Climate Week 2013 was launched at an event at the House of Commons yesterday, where 14 companies, projects and individuals were given awards for their work to tackle climate change in the past year.
Among the winners was Chasing Ice – a documentary film that follows photographer James Balog’s journey to capture glacial retreat on camera – which won Best Artistic Response.
Balog spoke to Blue & Green Tomorrow in December, shortly before the film was released in UK cinemas. He said, “I think [the film is] the strongest evidence [for climate change] that anybody’s put forth in a format that a layperson can understand.”
As well as being visually beautiful – yet devastating to watch at times – it has also seemingly had a significant impact on viewers.
Last year, an American woman, who said she watched Fox News anchor and staunch climate change denier Bill O’Reilly’s show every day, claimed the film had not only turned her opinion on climate change on its head, but it had also “changed [her] life”.

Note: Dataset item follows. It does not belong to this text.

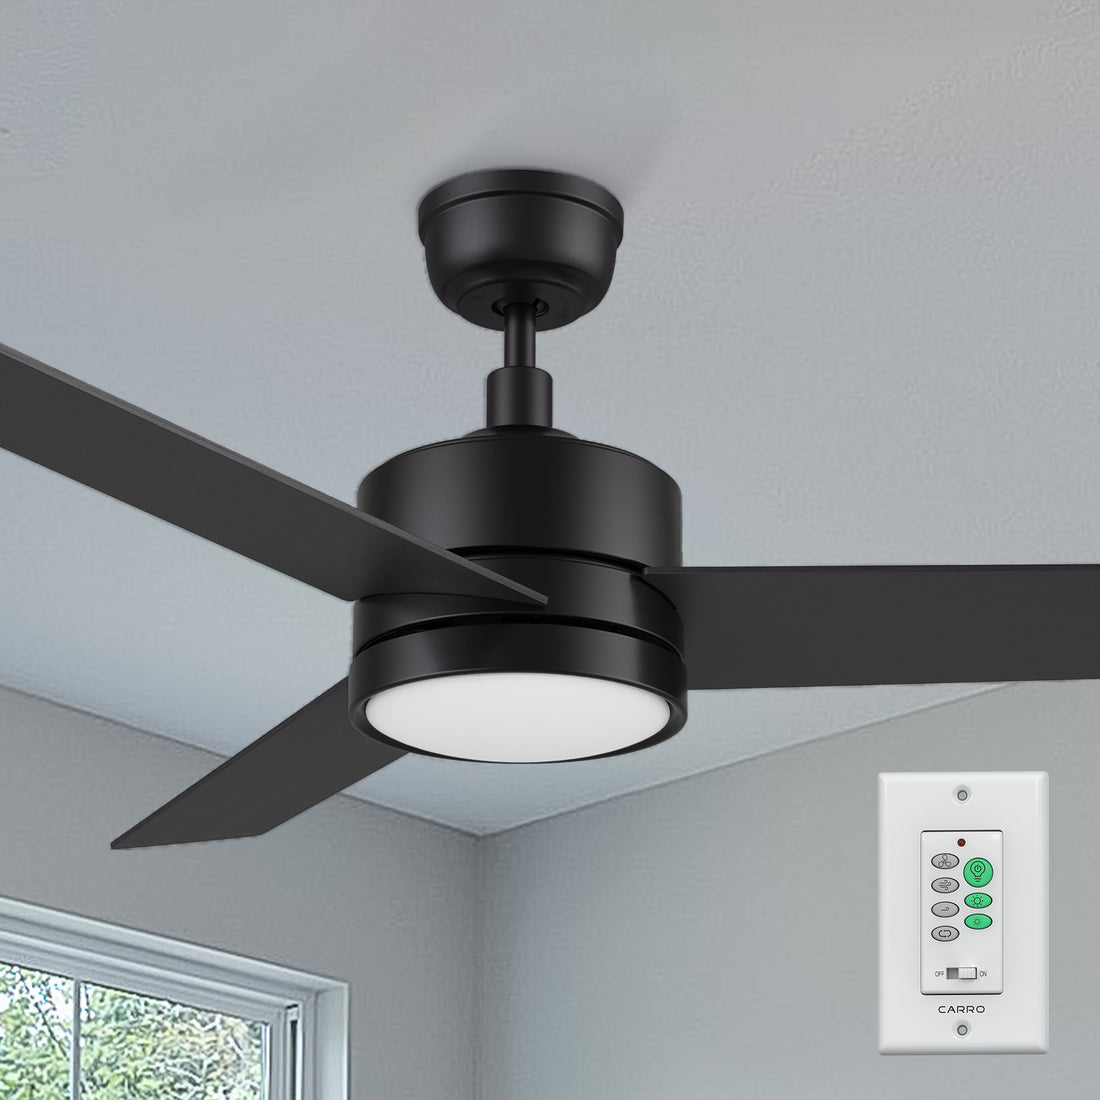 52 inch Louy ceiling fan with LED lights and wall switch control.

Other winners included Size of Wales (Best Campaign) – a project recently in the news after it announced it had raised enough money to protect an area of rainforest the size of Wales – and Loowatt (Best New Product) – a waterless toilet system that uses anaerobic digestion to convert human waste into biogas and fertiliser.
Energy and climate change minister Greg Barker and parliamentary under-secretary at the Department for Environment, Food and Rural Affairs (Defra) Lord de Mauley were among those speaking at the launch.
De Mauley said that the UK could become a world leader in climate change adaptation and mitigation, while Barker outlined that education and climate change go hand-in-hand.